Sunday, October 16, 2011

Texans In Paris

There they were:

Jeans, running shoes, windbreaker, big camera, baseball cap, cigarettes, gigantic smiles. My texans. They stuck out like sore thumbs and I loved them for it. In a city of small; small people, small rooms, small portions, small streets, etc., these big personality Texans  were a breath of fresh American air.

I met up with my uncle Tom and cousin Rachel this past Monday morning (sorry for the long delay) and headed straight to Notre Dame. Though I had been there many times, seeing it through their eyes made it that much more impressive.

Rachel, who has never been out of the country, was humbly rendered speechless. The grandeur of the building--inside and out--is incomprehensible. The fact that it was conceptualized and created 848 years ago still boggles me. There is a contagious hush as soon as you step through the monumental (or as I like to say, monumentous--monumental +momentous) stone doors. The towering concrete beams, constant shadows, and massive stained glass windows transport you to another time. Although it is filled with hundreds of tourists, you cannot help but feel far removed from everything but yourself.


We wandered around for an hour, mostly silent and perplexed. They definitely do not have things like this in Texas, let alone America.

After our hour of reflection and awe we grabbed some greek to-go food and sat for lunch. Après ça (after that) I took them around the 5th and 6th before running off to work. 

That night Rachel and I wandered through the 10th looking for a good cafe to sit and have a fat glass of wine. We ended up stumbling upon one tucked away by the Porte St. Martin (built in 1674 by Louis  XIV and looks like a mini Arc de Triomphe). We ordered a very large carafe of red wine, and Rachel decided on a raclette galette, something I had never seen before.
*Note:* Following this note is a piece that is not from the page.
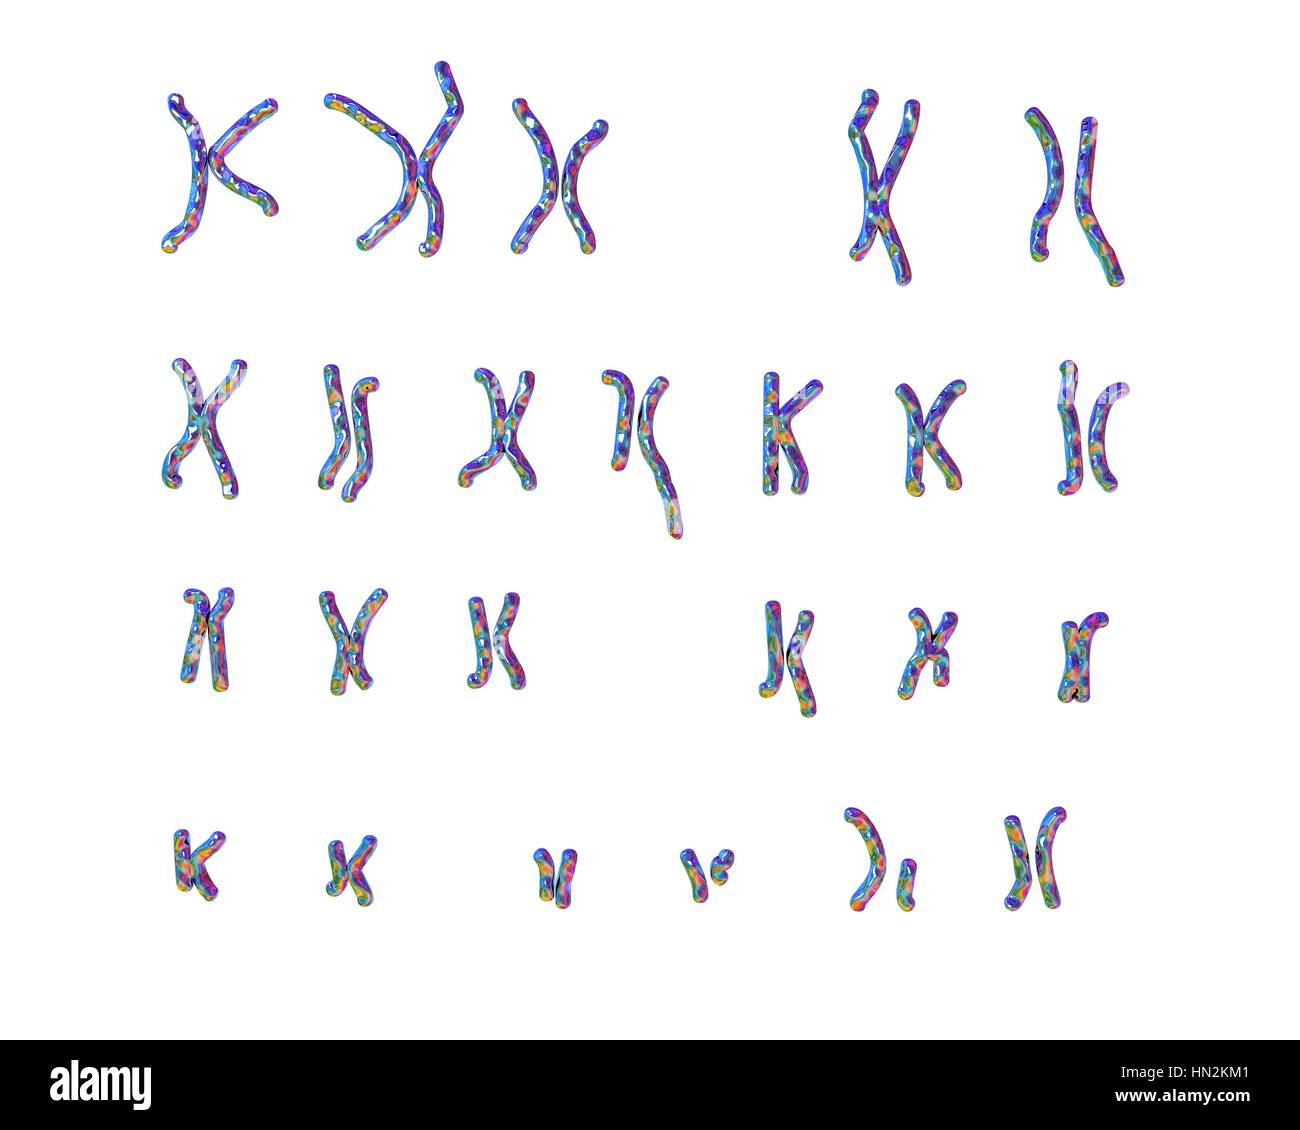 Philadelphia chromosome.Computer ilustración del cariotipo masculino o femenino (conjunto de cromosomas) un cromosoma defectuoso de cada uno de los pares 9 (centro), 22 (centro inferior).Los defectos,en el lado derecho,dos pares de cromosomas para causar leucemia mieloide crónica (LMC).Los 46 cromosomas del cariotipo humano son Foto de stock
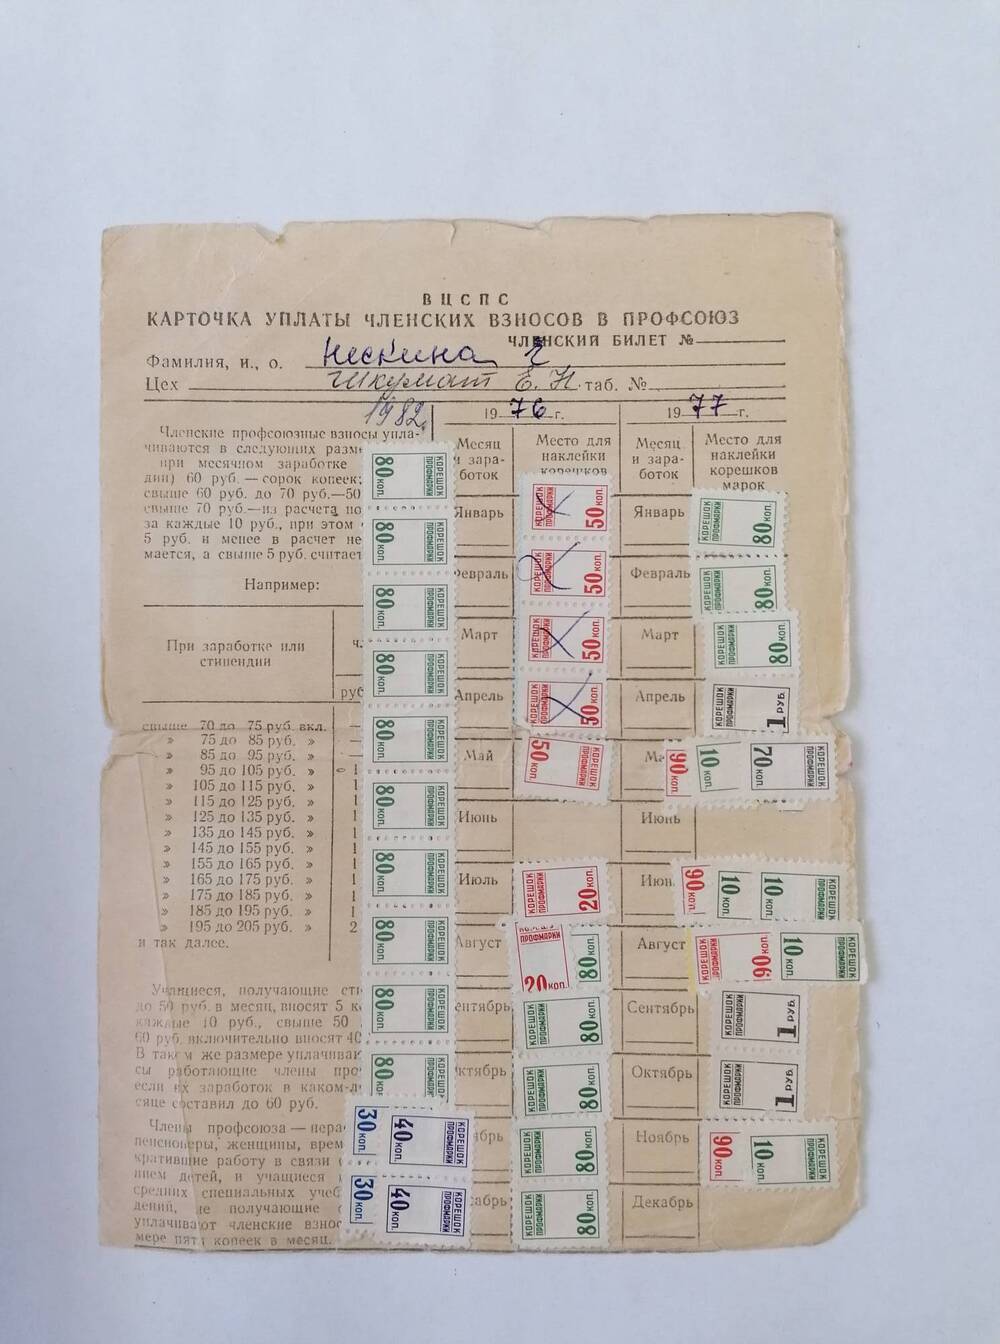 Карточка учетная членских взносов в профсоюз ВЦСПС Нескиной-Шкумат Е.Н. 1976-82 гг.

A galette is a savory, open-faced, buckwheat crepe. This one was filled with boiled potatoes, sauteed onions, lardons fumes (smoked bacon pieces) and smothered with raclette cheese. It smelled amazing.

After a few glasses of fruity, delectable red wine we were feeling good. The cafe was completely full on a Tuesday night and the owner seemed to know everyone. Rachel and I were enveloped in a cloud of cigarette smoke and buzzing french conversation. We stayed until it closed, chatting and people watching, before strolling back to the hotel happily warmed by wine. I cannot remember the last time we were able to spend that much alone time together. Usually surrounded by a bucketload of other Texans, it is a rarity to have an entire night devoted to one of them. I am so lucky to have had the chance...especially in Paris.

Our next adventure: Versailles.

French phrase of the day: ça se discute--kind of like, "that's debatable."